Voice with an avatar

Voice can be paired with an animated avatar tile, powered by Simli, for an avatar input mode in chat. The voice catalog also recognizes a broad range of STT, TTS, and avatar providers that admins can configure; Simli is the in-product avatar.

Verifying the pipeline is active

After uploading credentials and starting a new voice session, the status row at the top of the card reflects the active pipeline and the derived Google project id and service-account email (when using the Google bridge):

Active state

Unified voice + text chat — active. Voice routes through your normal chat backend (same LLM, tools, and memory).

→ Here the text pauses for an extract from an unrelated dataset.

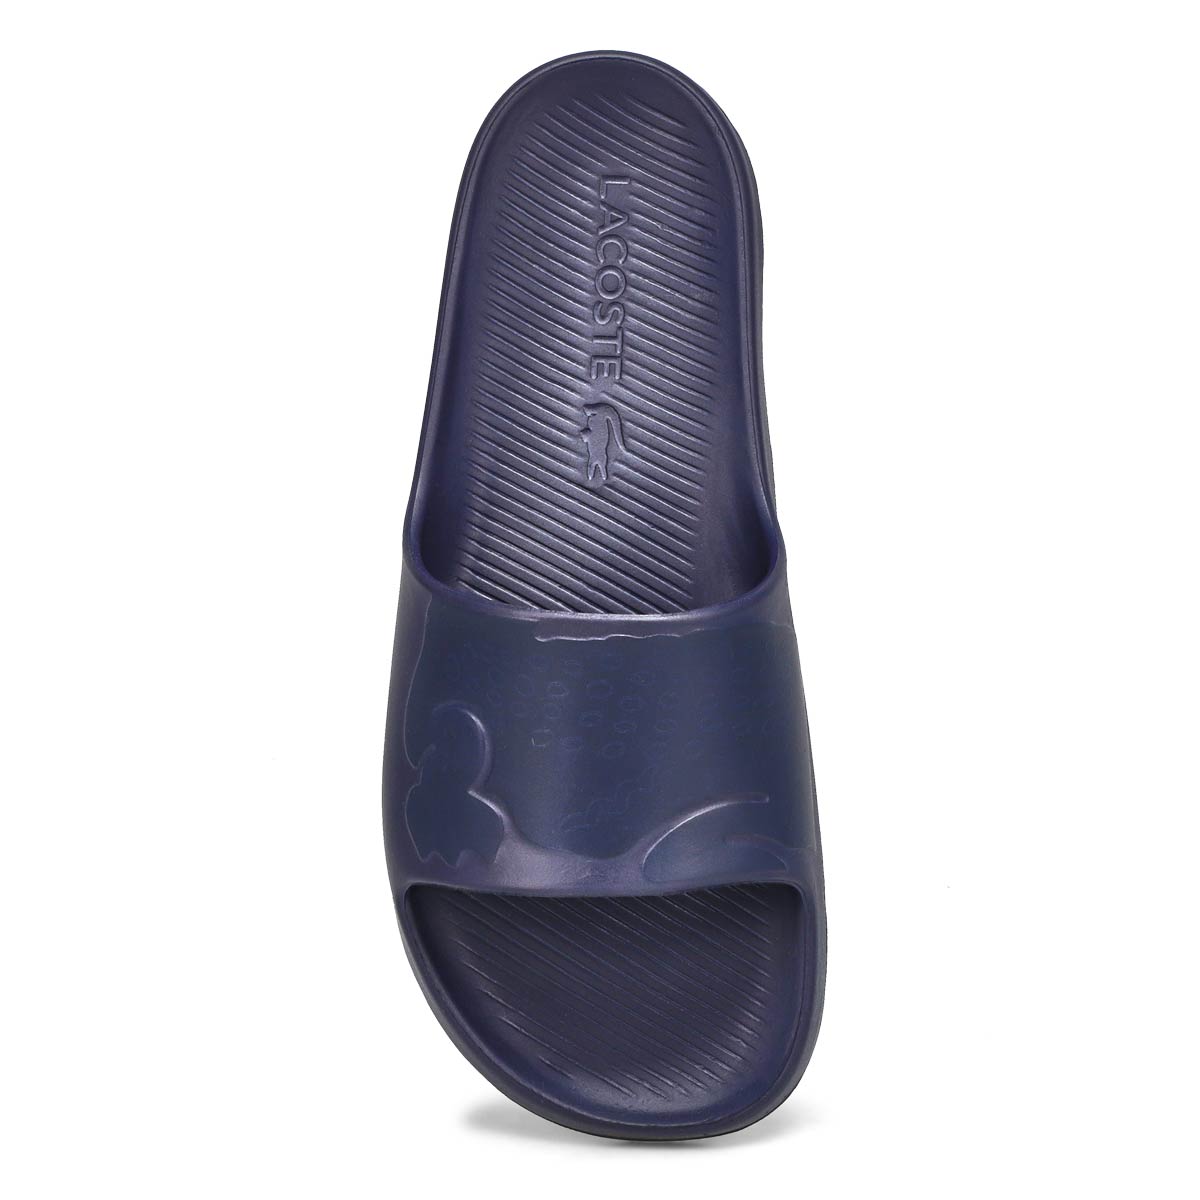 Men's Croco 2.0 Slide Sandal - Navy/Navy

Removing or rotating credentials

The card has a Remove credentials action that zeroes out the stored JSON, project id, client email, and configured flag in one transaction. To rotate, mint a new JSON key in GCP, upload it in the UI, and revoke the old key in the GCP console. Changes take effect on the next voice session — no restart needed.

Cost notes

With the bridge you pay per minute of speech-to-text and per character of text-to-speech, and only for the audio you actually transcribe and synthesize — there's no idle session cost. Deepgram is generally the cheapest bridge provider; the Gemini Live realtime bridge bills at realtime rates and is reserved for when no bridge provider is available.

Security

ℹ️
Your service-account key stays protected

The service-account JSON is sensitive, and YOffice keeps it safe: it's stored server-side and encrypted at rest the same way other tenant secrets are, and the admin-facing API redacts the private key on every read — only the derived project id and client email come back. The worker fetches the full JSON over a private network path scoped to your tenant, so the key never leaves trusted infrastructure.